Si le Cinéma offre plusieurs possibilités pour rêver, notamment avec les comédies romantiques, Two for the Road fait partie de celles qui nous ramènent vers une certaine réalité, qui n'est pas sans difficultés et tristesse.
En cinq temps, Stanley Donen revient sur ce qu'est le couple à travers diverses étapes de la vie, et toujours sur le même chemin. Il signe une oeuvre à la fois dure, nostalgique et belle, le couple passe par plusieurs états et nous aussi, il pose sa caméra sur eux et offre un regard extérieur où l'on découvre ce qu'il se cache derrière ce couple. Sur une somptueuse bande originale d'Henry Mancini, il met en scène les illusions qui vont peu à peu se mettre en place et le monde utopique de façade qui se construit pour eux, alors que la réalité est tout autre.

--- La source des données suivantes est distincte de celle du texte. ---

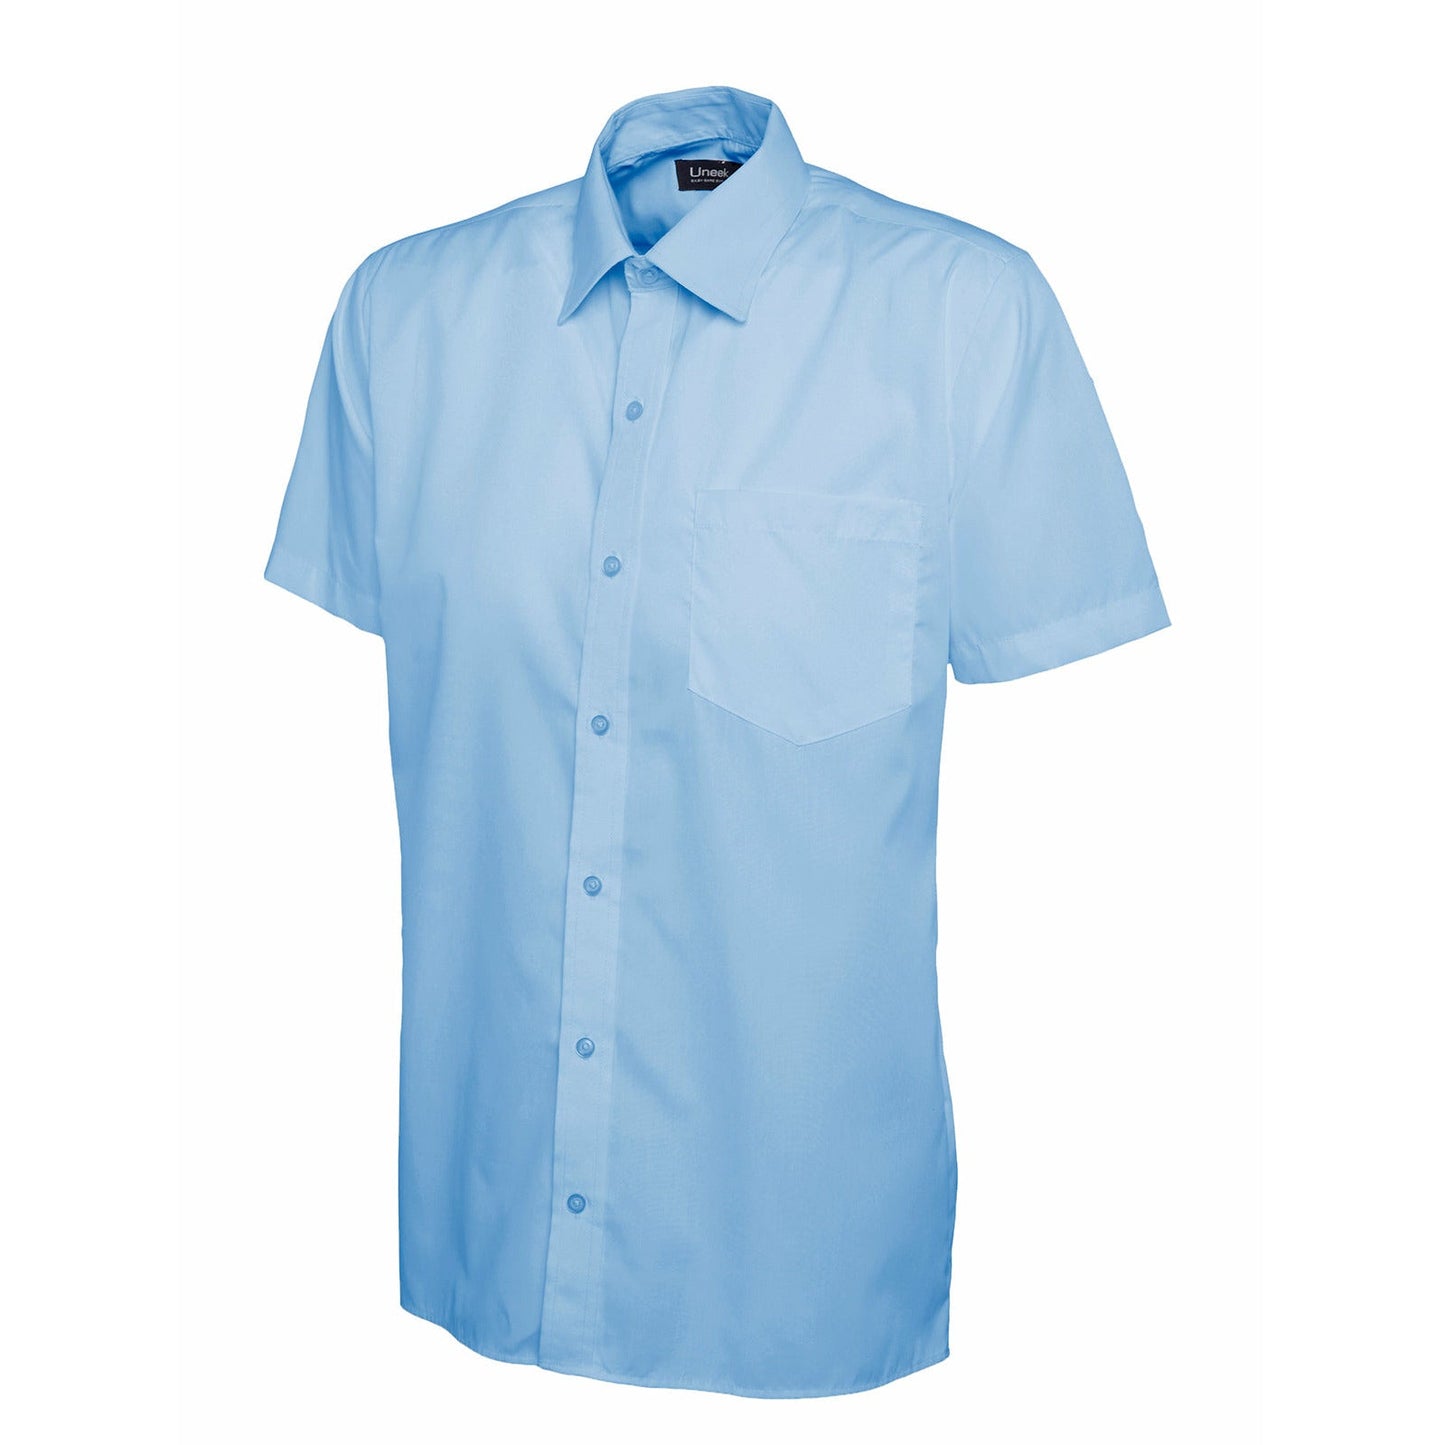 Mens Poplin Half Sleeve Shirt (17 - 19.5) - Light Blue

Ce qu'il met en scène pourrait aussi s'apparenter à un drame bourgeois, un couple qui grimpe socialement autant qu'il ne chute amoureusement, où l'image renvoyée prend plus en plus d'importance. Donen montre d'abord deux jeunes gens dans une bulle, capables de se contenter de peu et guère soucieux de la façon dont ils sont habillés et vus, avant que le luxe et le cynisme ne prennent le dessus, à l'image des tenues d'Audrey Hepburn plus on avance dans le film. Le bonheur s'éloigne au fur et à mesure que le couple s'embourgeoise.
Stanley Donen ne se contente pas de cet aspect-là, ce qu'il va aussi rechercher, c'est l'émotion, l'attachement que l'on a pour le jeune couple contraste avec les interrogations que l'on a sur le même après dix années de mariage. On ressent le temps qui passe et les cassures provoquées, quand l'humour naïf et heureux laisse place à un cynisme méchant, et même une haine que l'on peut ressentir aux détours de quelques propos. C'est la force de Two for the Road, les dialogues sont finement et talentueusement écrits, délicieux lorsqu'il le faut, drôles si besoin et acerbes à d'autres moments.
L'oeuvre est dépaysante et finalement attachante, et surtout elle véhicule tout un panel d'émotion, autour des sentiments et tout simplement de la vie et de ses aléas, les écarts de conduites sont durs et les instants où le bonheur semble vrai sont sublimes. Donen se montre à l'aise derrière la caméra, usant de procédés astucieux, à l'image des transitions lorsque l'on change d'époque, tout en laissant au film une fluidité. Sa direction d'acteurs est aussi remarquable, Audrey Hepburn et Albert Finney véhiculant autant de mélancolie que de bonheur, et jouant merveilleusement un couple qui doit faire face aux choses de la vie et leurs propres démons.
Drame bourgeois et mélancolie amoureuse, Two for the Road permet à Stanley Donen de mettre en scène un couple face à ses démons, la réalité, le temps qui passe et un amour qui ne paraît être parfois qu'une illusion perdue, et, avec autant d'émotion que d'humour ou de vrai, il signe une oeuvre aussi forte que pertinente.